Ночью я плакала во сне. Мама разбудила меня и присела ко мне на кровать.
— Тише, дитя мое, — сказала она, — не надо будить отца.
И мы заговорили шепотом. Я заметила, что мама сильно взволнована: смотрит на меня испытующе, хочет добиться какого-то признания, а я решила ничего не говорить, во всяком случае, пока не проснется отец.
— Дитя мое, отчего ты плакала?
— Не знаю, мама.
— Ты здорова?
— Да, мамочка, только иногда голова болит.
Мама сидела, опершись рукой о кровать; я придвинулась поближе и положила голову к ней на грудь.
— Мама, — спрашиваю я. — Почему у тебя так стучит сердце?
— От страха, доченька.
— Тебе тоже ночью страшно?
— И днем и ночью, мне всегда страшно.
— Чего же ты боишься?
— За тебя боюсь…
— За меня?
Мама не отвечает, но я чувствую на своей щеке ее слезу, теплую слезу.
— Ты плачешь, мамочка?
Слезы падают все чаще и чаще.
«Ничего не скажу», — укрепляюсь я в своем решении.
Минуту спустя мама неожиданно спрашивает;
— Не наплела ли тебе чего-нибудь Ривка?
— О чем, мама?
— О твоем женихе.
— Разве она знает моего жениха?
— Если бы знала, не говорила бы; в городе болтают… Сама знаешь, из зависти… Человек богатый, разрешает себе на старости лет взять в жены девушку, вот и говорят; конечно… Может, ты слышала от кого-нибудь, что он замучил свою последнюю жену?
Я спокойно отвечаю, что слышала, но от кого не помню.
— От Ривки, конечно, чтоб ей рот на сторону свернуло! — возмущается мама.
— Отчего же его жена так внезапно умерла? — спрашиваю я.
— Как отчего? У нее был порок сердца…
— Ну и что же? Разве от порока сердца умирают?
— Еще бы…
Меня будто по голове ударили чем-то тяжелым…
.....................................................
Я стала шелковой — повсюду меня расхваливали; отец и мать не могли понять моего поведения, портной тем более. Я ни о чем не просила, во всем полагалась на маму. Меня не интересовали ни выбор нарядов, ни материя, ни покрой. Что мама хотела, то и делала.

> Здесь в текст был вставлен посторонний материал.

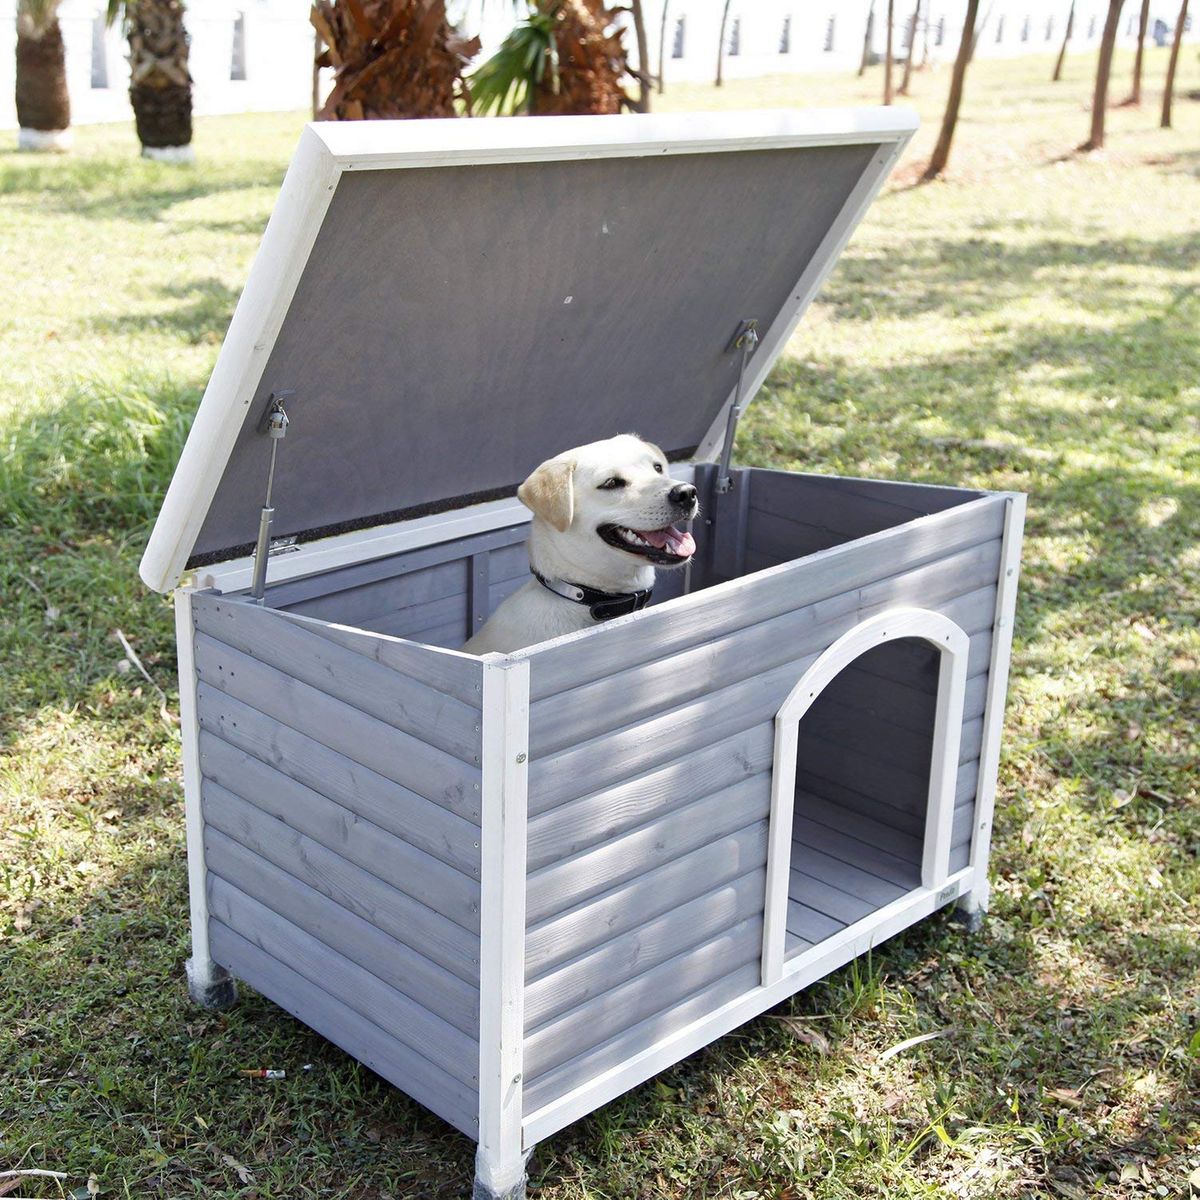 ROCKEVER Wood Dog Houses Outdoor Insulated Weatherproof Dog Houses Outside with Door Cute Wooden

Ривка от возмущения хваталась за голову: «Как можно в делах моды полагаться на мать, старозаветную женщину! Нигде в субботу не сможешь показаться — ни в синагоге, ни на улице! Ты сама себя режешь!» Я подумала, что зарезана уже давно. И спокойно ждала субботы после тишебова когда жених должен был прийти на кидуш…
Потом состоится оглашение, потом свадьба.

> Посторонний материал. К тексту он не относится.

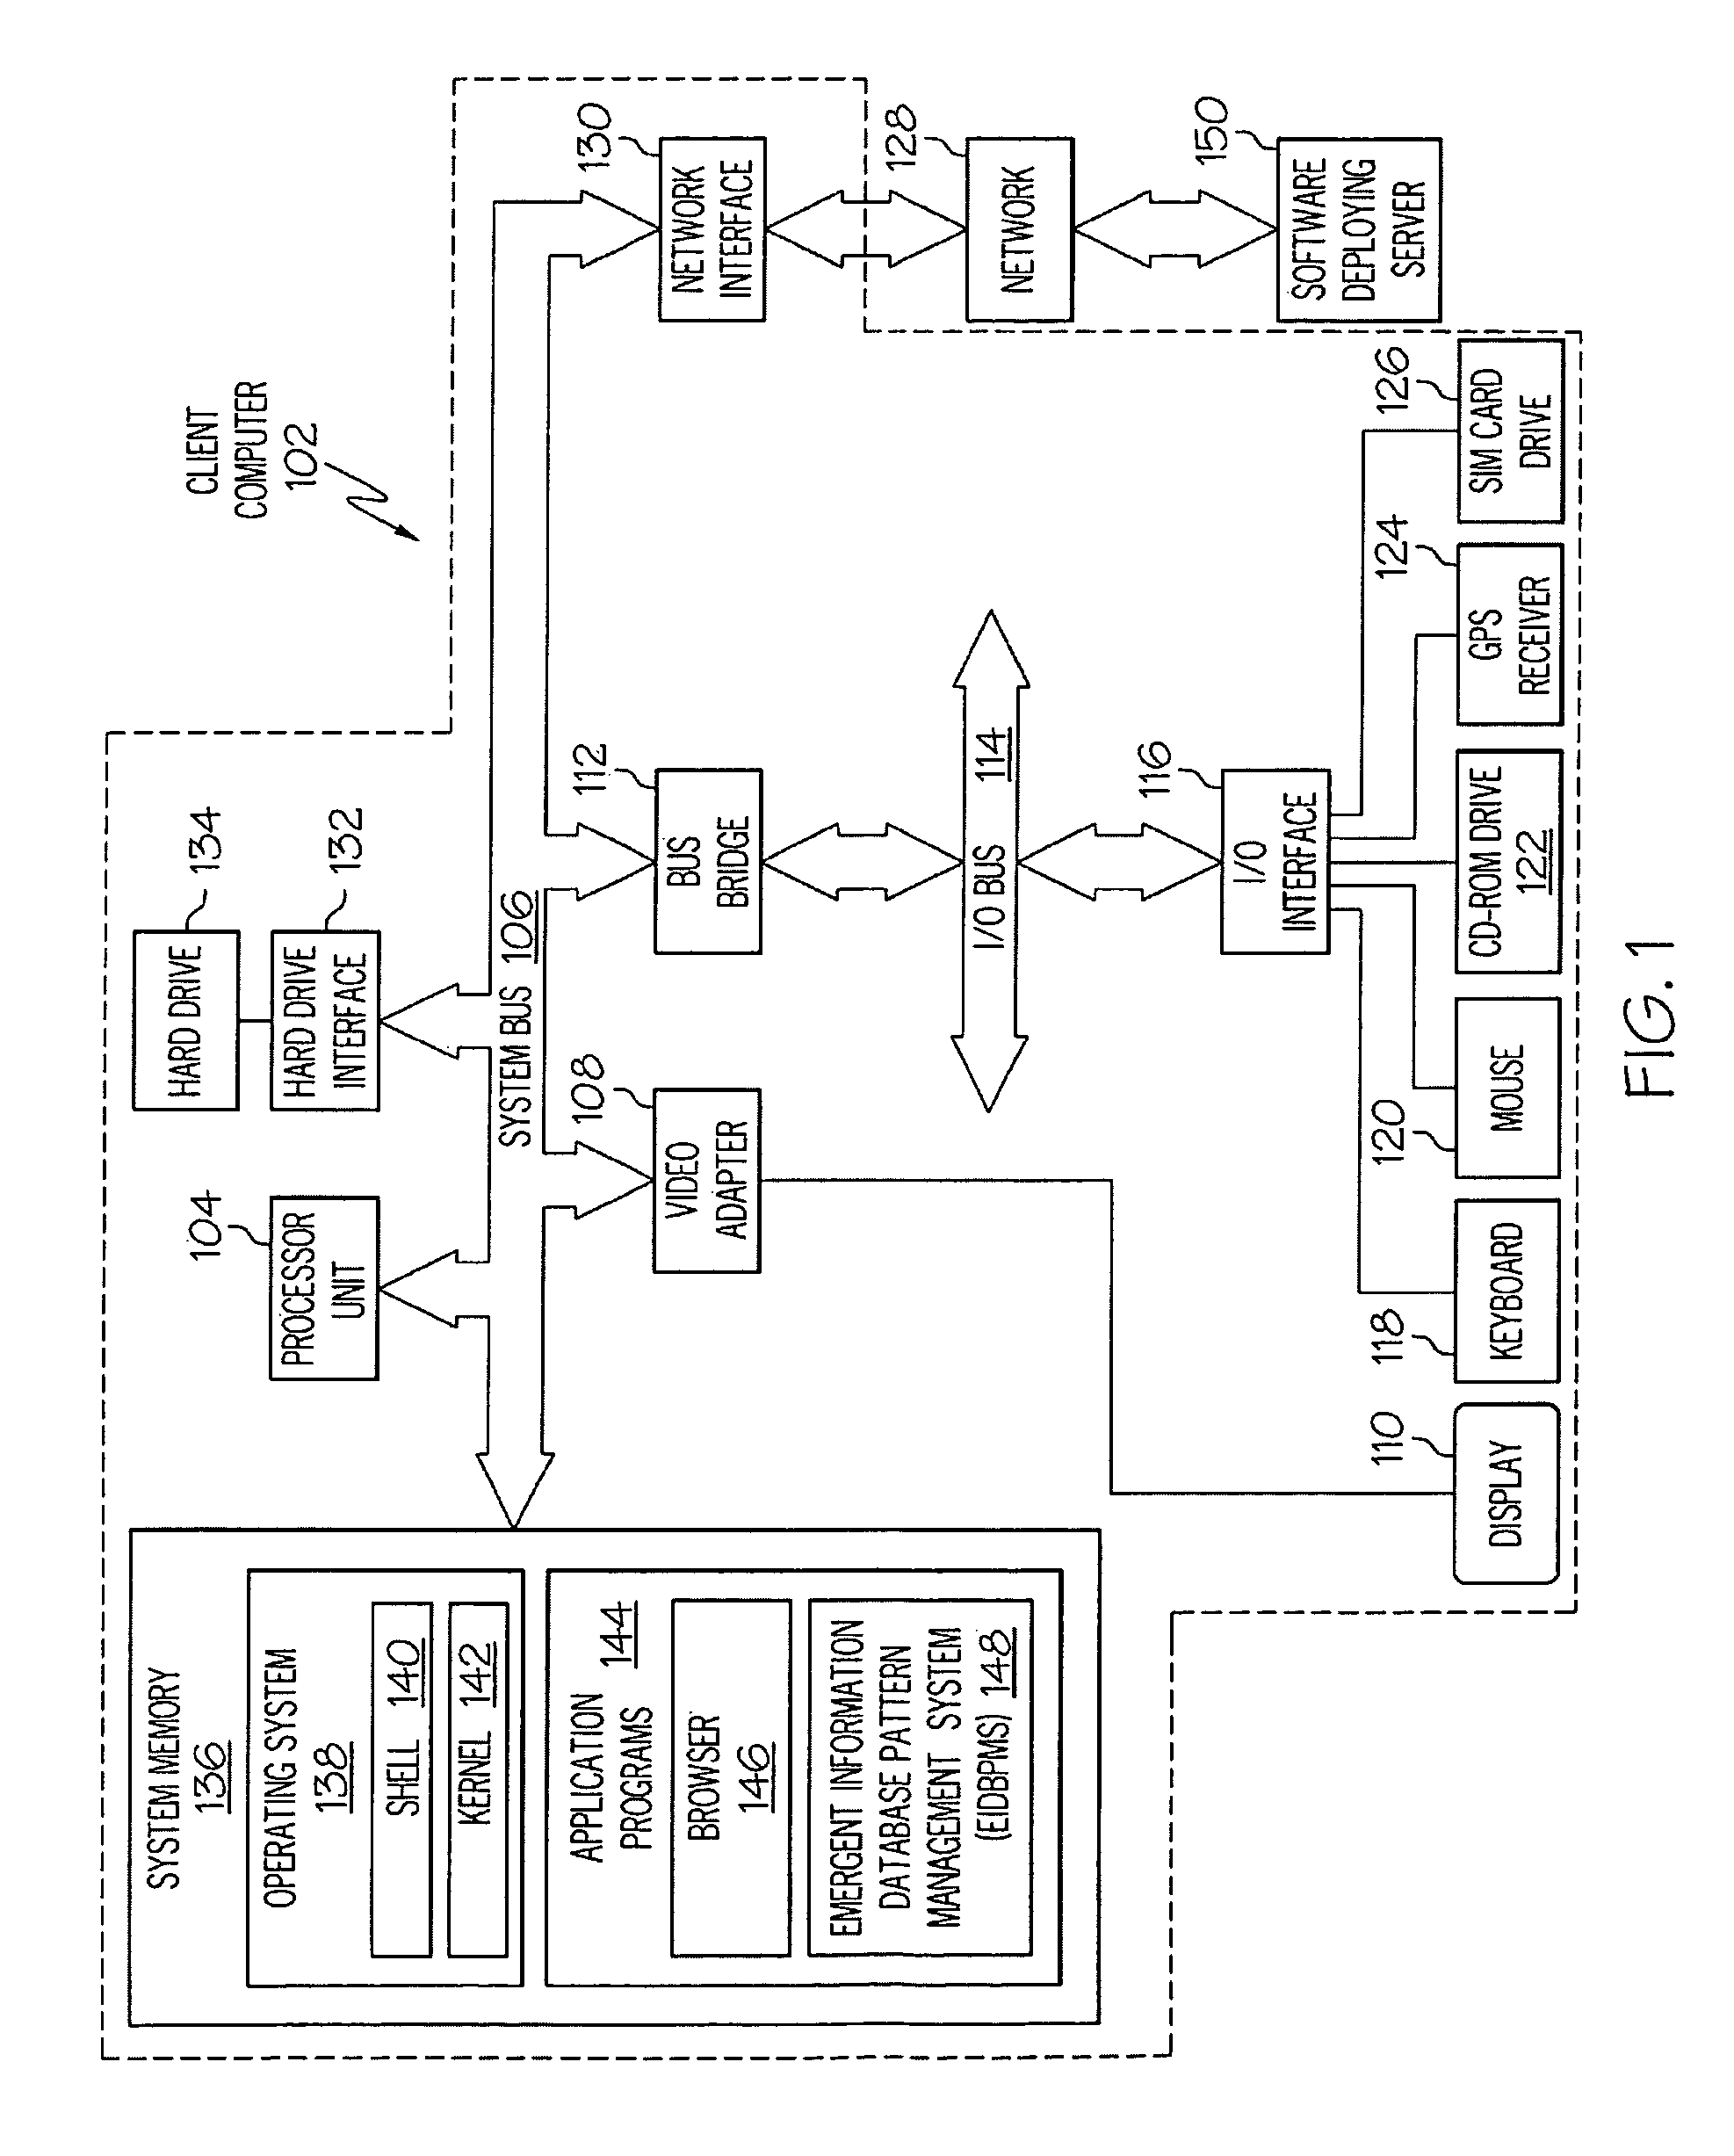 Data pattern generation, modification and management utilizing a semantic network-based graphical interface

Отцу и в самом деле лучше. Иногда он выходит на улицу, интересуется зерном. Говорить с женихом о займе, как он собирался, отец считает преждевременным. Вот после тишебова он пригласит жениха еще и на проводы субботы и тогда забросит словечко.
Раз дела пошли так хорошо, можно и с лекарем рассчитаться; правда, мы пользуемся у него кредитом, денег он не требует и подручного не посылает — приходит сам, но хватит, пора этому положить конец! Как рассчитались с лекарем, не знаю, посыльным был Авремл, который по пути в хедер должен был занести ему несколько злотых.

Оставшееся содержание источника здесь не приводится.